Monday, November 25, 2024

Understanding This Week’s Markets: May 5, 2024

Oil sands producers await TMX price rise

On Wednesday, diluted bitumen began flowing through the expanded Trans Mountain pipeline (even at a brisk pace, it is going to take weeks to succeed in its destination). This gives hope that Canada finally exists Oil sands Manufacturers will have the ability to scale back the discount that a now larger cohort of refiners pay for his or her product. Meanwhile, two of the pipeline’s largest shippers reported first-quarter earnings that suggested a rise in revenue.

Highlights of the oil sands results

Two producers released their financial results this week.

  • Cenovus Energy (CVE/TSX): Earnings per share rose $0.62 (versus $0.54 forecast) on revenue of $13.4 billion.
  • Canadian Natural Resources (CNQ/TSX): Earnings per share of $1.37 (versus $1.48 forecast) on revenue of $8.244 billion.

Both Cenovus’ production and earnings surprised positively, and the corporate sweetened the pot even further by increasing its base dividend by 29% and declaring a variable dividend of 13.5 cents per share for this quarter. Production within the quarter exceeded 800,000 barrels of oil equivalent per day. At the identical time, the corporate reduced its total debt barely.

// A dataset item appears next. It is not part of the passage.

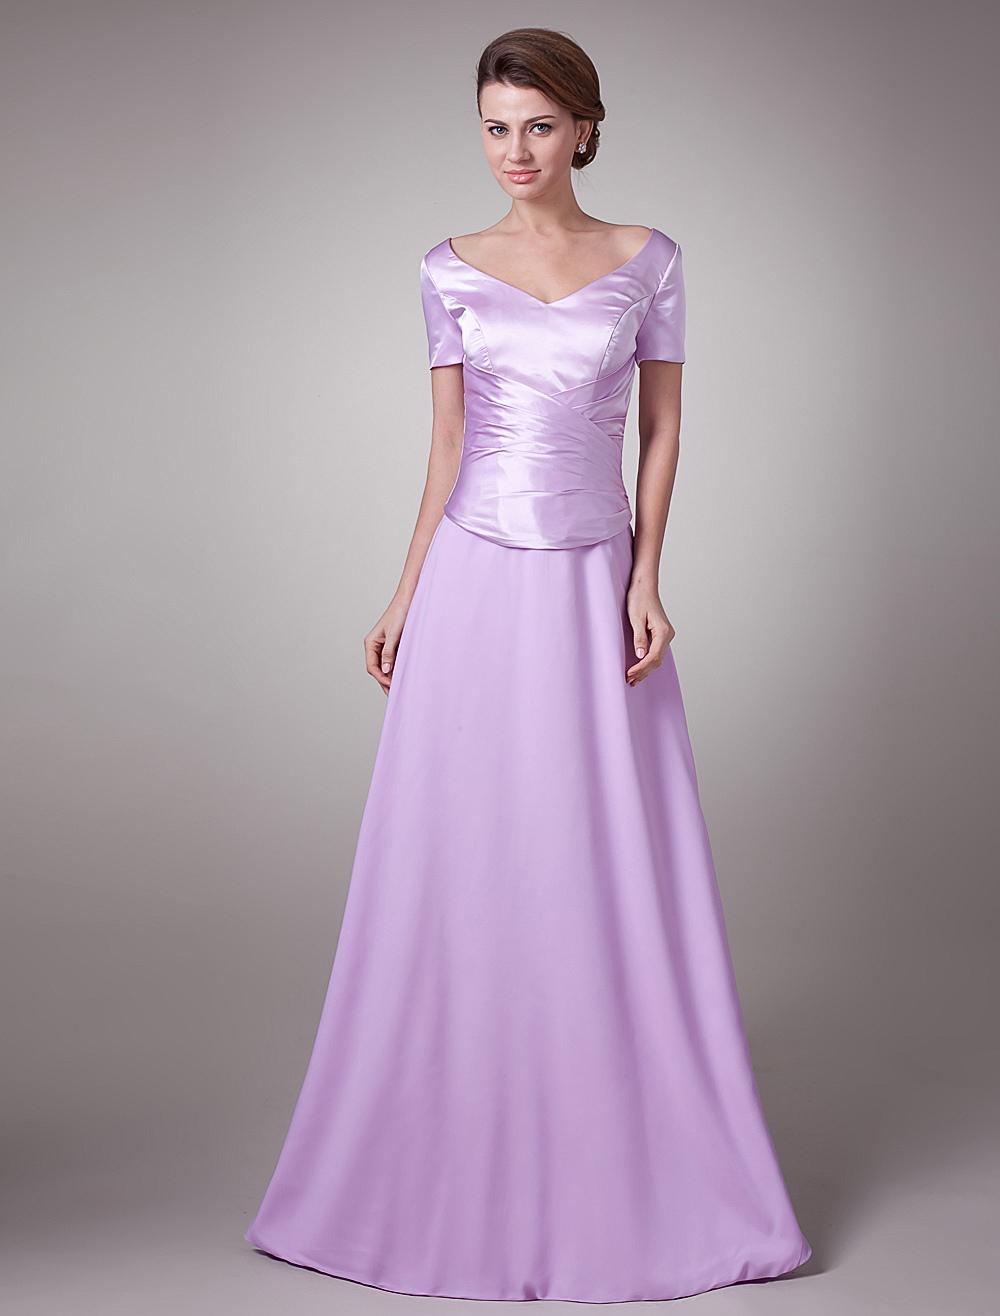 Lavendel Kleid Großhandel Lavendel Kleid Online | Milanoo.com

Canadian Natural Resources’ results suffered from lower-than-expected production and realization prices, particularly on the natural gas side. Production was 1.33 million barrels of oil equivalent per day.

Amazon, Apple still great

Two more tech megacorporations reported first-quarter results this week, helping keep the Magnificent 7 train rolling.

US earnings highlights

All amounts in US dollars

  • Amazon (AMZN/NASDAQ): Adjusted earnings per share was $0.98which beat the consensus estimate of 83¢, while revenue of $143.3 billion beat the forecast of $142.6 billion.
  • Apple (AAPL/NASDAQ): Earnings per share collapsed $1.53 (above the estimate of $1.50) on revenue of $90.8 billion (versus expectations of $90.3 billion).

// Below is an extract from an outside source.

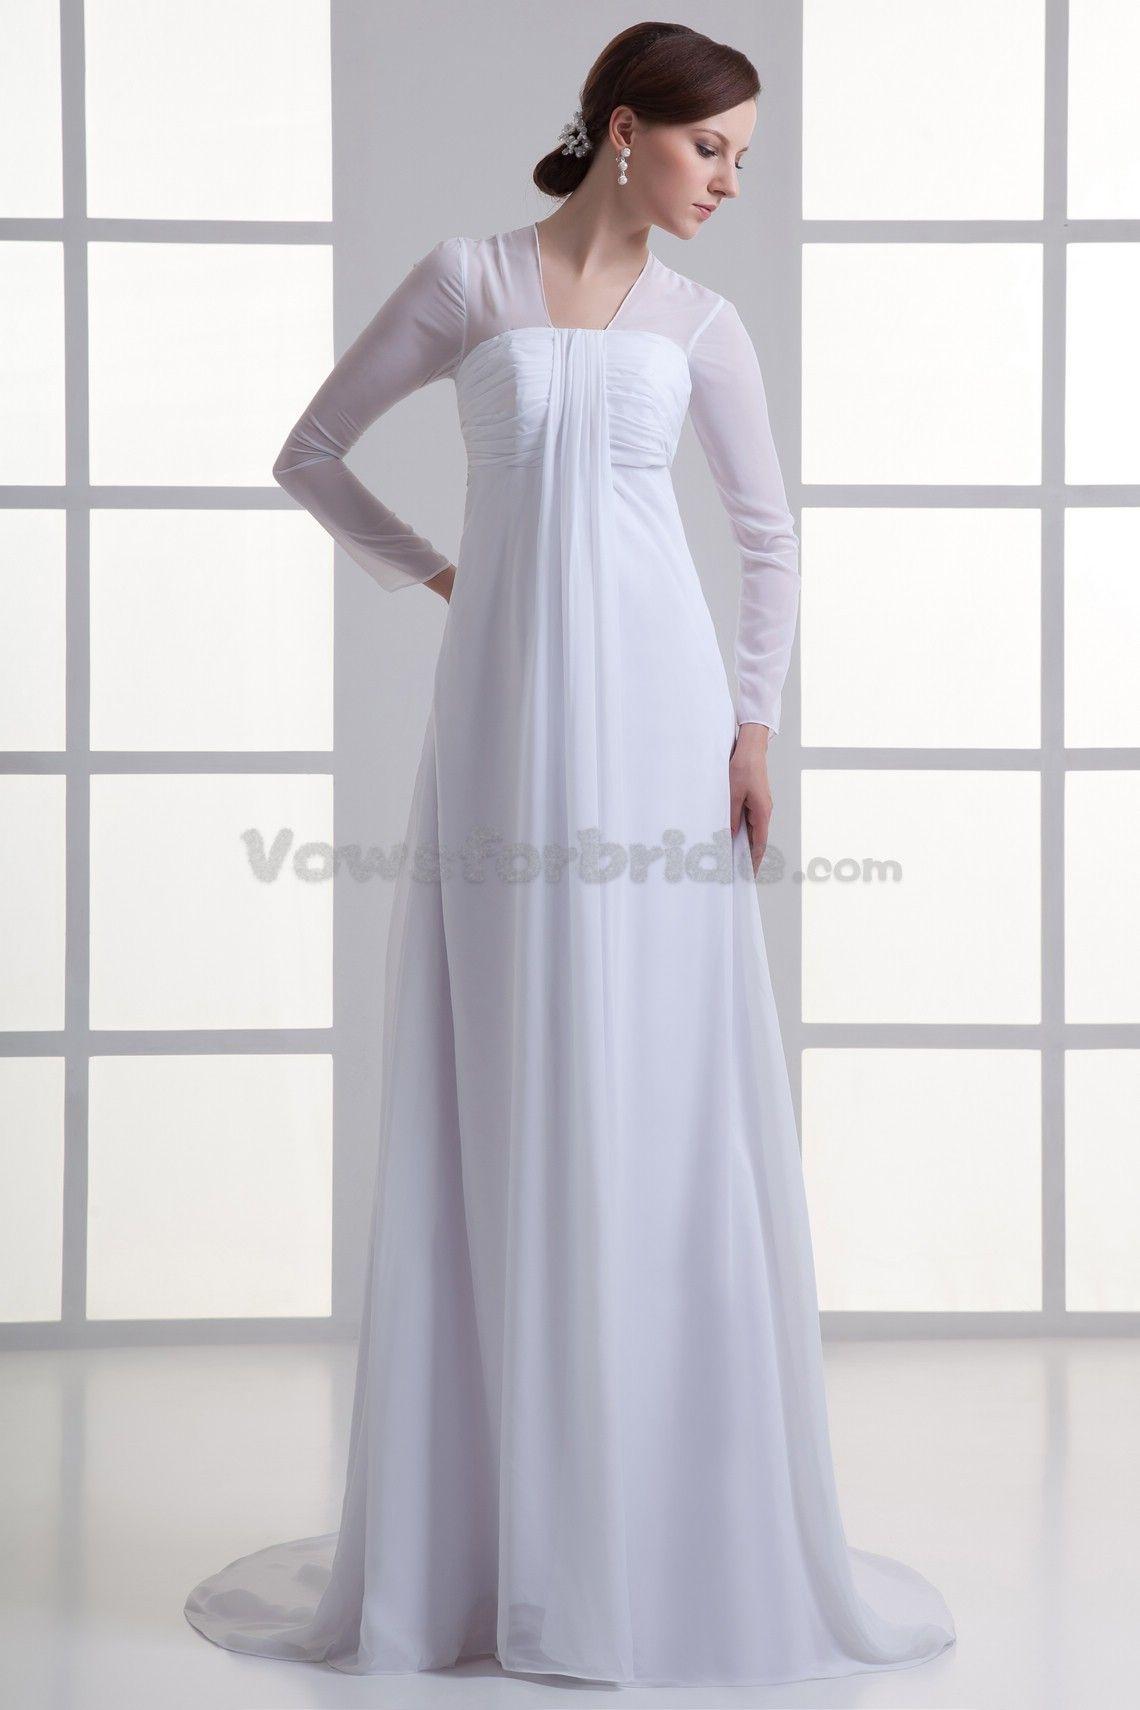 Chiffon strapless sweep train empire line wedding dress with three

Amazon reported continued strong demand for its web services as corporate customers signed longer-term contracts with larger commitments. Generative artificial intelligence (AI) components increased overall spending, the corporate said. Advertising revenue also saw strong growth, although there are signs that customers have gotten more cautious about retail spending. The stock rose 3% on Wednesday morning following the earnings release.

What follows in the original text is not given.